The first part of the book suggests that the Keynesian Revolution started in the 1920s with the slow evolution of Keynes’ thinking about the problems of the British economy, and his rethinking of neoclassical economics. Crotty uses the term classical, as did Keynes, creating unnecessary confusion, in particular because of his own sympathies with Marxist economics, that builds critically on the classical surplus approach. Crotty makes an important point, often neglected in the discussions of Keynesian economics. For Keynes the need for a new theory derived from an appreciation of the historical and institutional changes of British capitalism. Crotty argues: “Keynes’s core belief [was] that the West had entered a completely new historical era in which the institutions and policies currently used to regulate economic life were totally inappropriate. He associated himself with the American institutionalist economist John R. Commons’s view that Europe and America were currently in transition to a new historical epoch in which the main task was to create a new ‘regime which deliberately aims at controlling and directing economic forces’” (Ibid.: 81).
The doctrines of laissez-faire, that were well adapted to the Victorian Era, were not suited for the world that emerged from World War-I, in which mass production, mass consumption and the rise of organized labor required a certain degree of government intervention to manage the economy. This is the best and most original part of the book, in which Crotty reminds us that: “Keynes’s enthusiastic and consistent support for state control of most large-scale capital investment is not the only ‘radical’ policy position overlooked by mainstream ‘Keynesian’ economists; his support of detailed industrial and labor-market policy has escaped their attention as well” (Ibid.: 87). The emphasis on the importance of industrial and labor policies, in particular, their direct connection with Keynes’ opposition to the return to Gold Standard and his support of the coal miners’ strike of 1926, are central to understand his need to rethink his economic theory.

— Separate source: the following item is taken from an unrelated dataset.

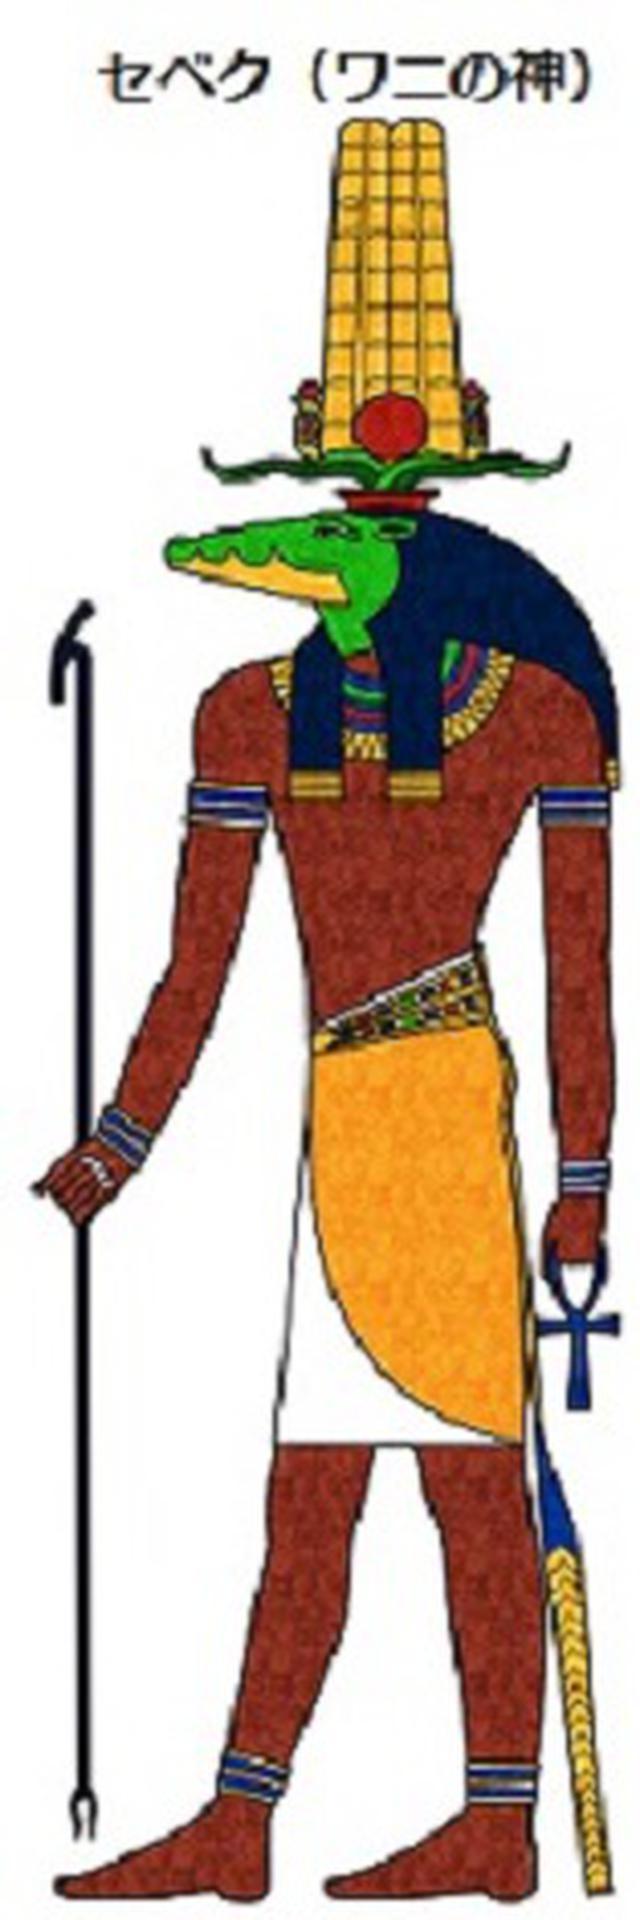 画像5: 謎多きエジプト大解剖!<第1回>「カオスなエジプト神話」【好奇心で旅する海外】<歴史の時間>

However, even in this part, there is a neglect of an important element of Keynes’ trajectory, and for the development of the ideas exposed in the GT. Crotty forgets to note that Cambridge monetary theory was quite underdeveloped in the 1920s, and was based mostly on an Appendix to Alfred Marshall’s Principles of Economics, and his evidence to some Royal Commission, and was in fact being developed by Keynes and his colleague Dennis Robertson during the 1920s. At that point it was unclear that this was a complete rupture with Marshallian economics on monetary affairs, as much as Piero Sraffa was starting to break with the marginalist theory of value and distribution with Keynes’ support. In fact, Keynes’ thought that his book A Treatise on Money was the culmination of the development of the alternative theory, which he defended as a member of the Macmillan Committee, and that argued that the Depression resulted from the high interest rates, that prevented investment from adjusting to full employment savings, as a result of the Gold Standard. This view was perfectly compatible with neoclassical economics, even if Keynes already advocated for public works, an unorthodox policy, as a solution for the crisis.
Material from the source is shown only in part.